If an application crashes and they're asked two choices "Report crash" or "Don't report crash", many will click on the "Report crash" if it causes no personal inconvenience, effort or loss of time for them.
But non-technical users, don't want to report it, if it brings up a website where they need to register an account and enter a description.

So I propose to make it so the user can quickly send a bug report without inconvenience, effort or time, by just pressing a button, and it sends it without the user have to have an account or type anything.

Revision history for this message
Fred (eldmannen+launchpad) wrote :

Using Apport to report a bug should not require a launchpad account. It should be optional.

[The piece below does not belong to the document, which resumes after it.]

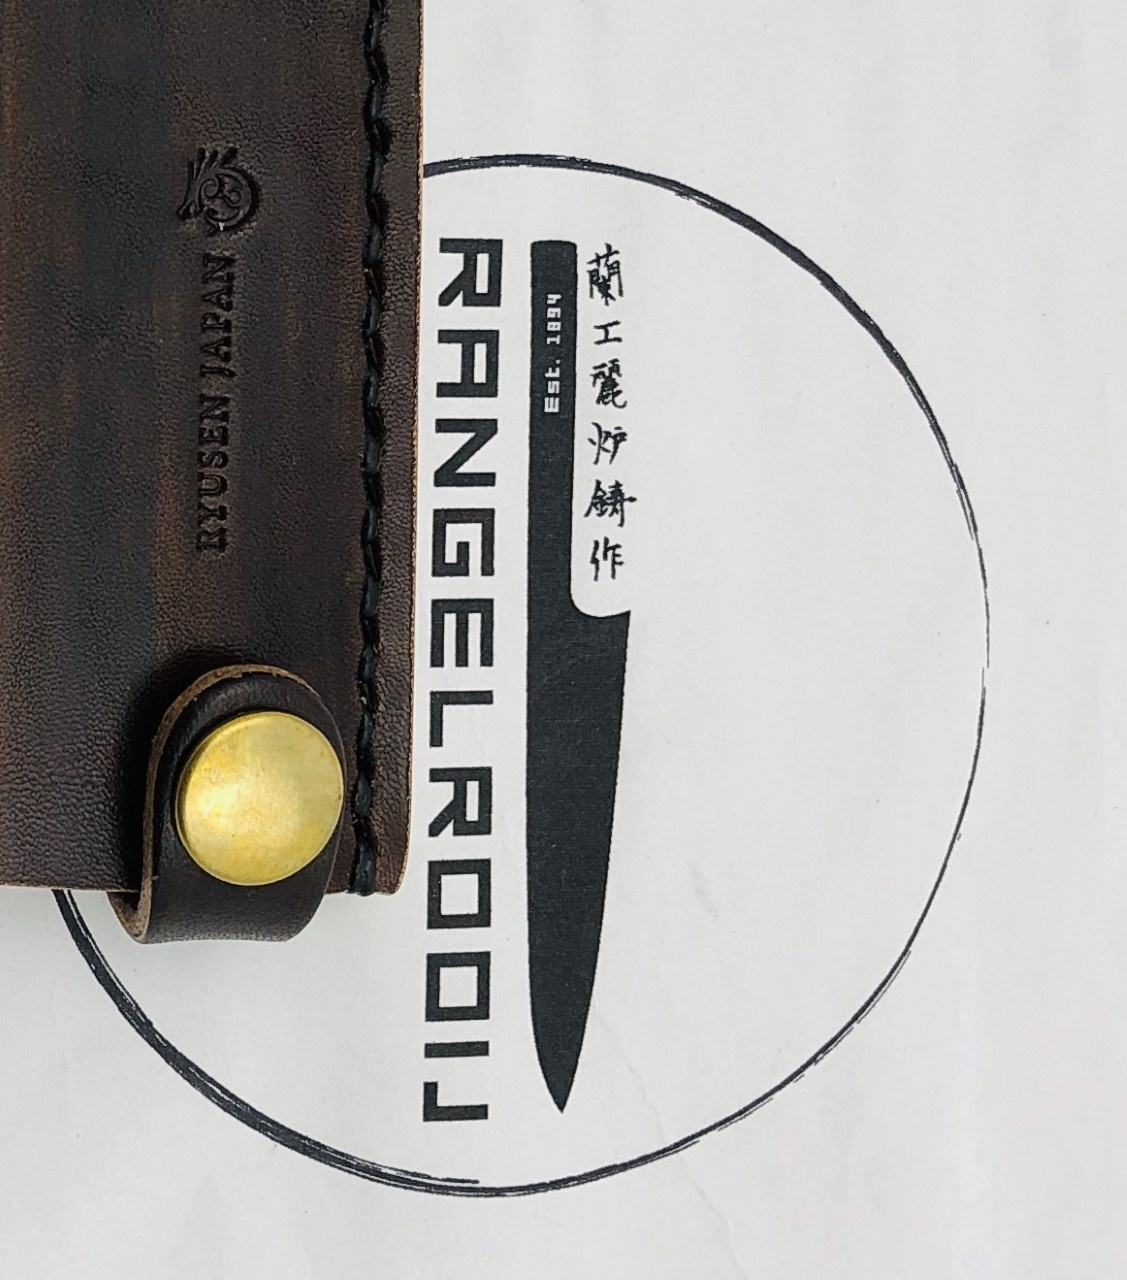 Takayuki RYUSEN leather sheath LS-204 175 mm santoku Brown

When you click on the "Send bug report" it should send the bug report straightaway and say;
* "Thank you for reporting a bug. We will look into it and hopefully fix it soon. We really appreciate your help, if you want to help us more, please provide some optional relevant information on what you did when this bug occurred and how to reproduce it."

Revision history for this message
Fred (eldmannen+launchpad) wrote :

Bug reporting should be as quickly, easy as possible.
Bug reporting should never be an inconvenience to the user!

It is great if the user provides valuable information.
But it should never require the user to do more than to press a button, unless he wants to.

... in another operating system that I know, the user justs clicks "Send bug report" without have todo anything else. Convenient!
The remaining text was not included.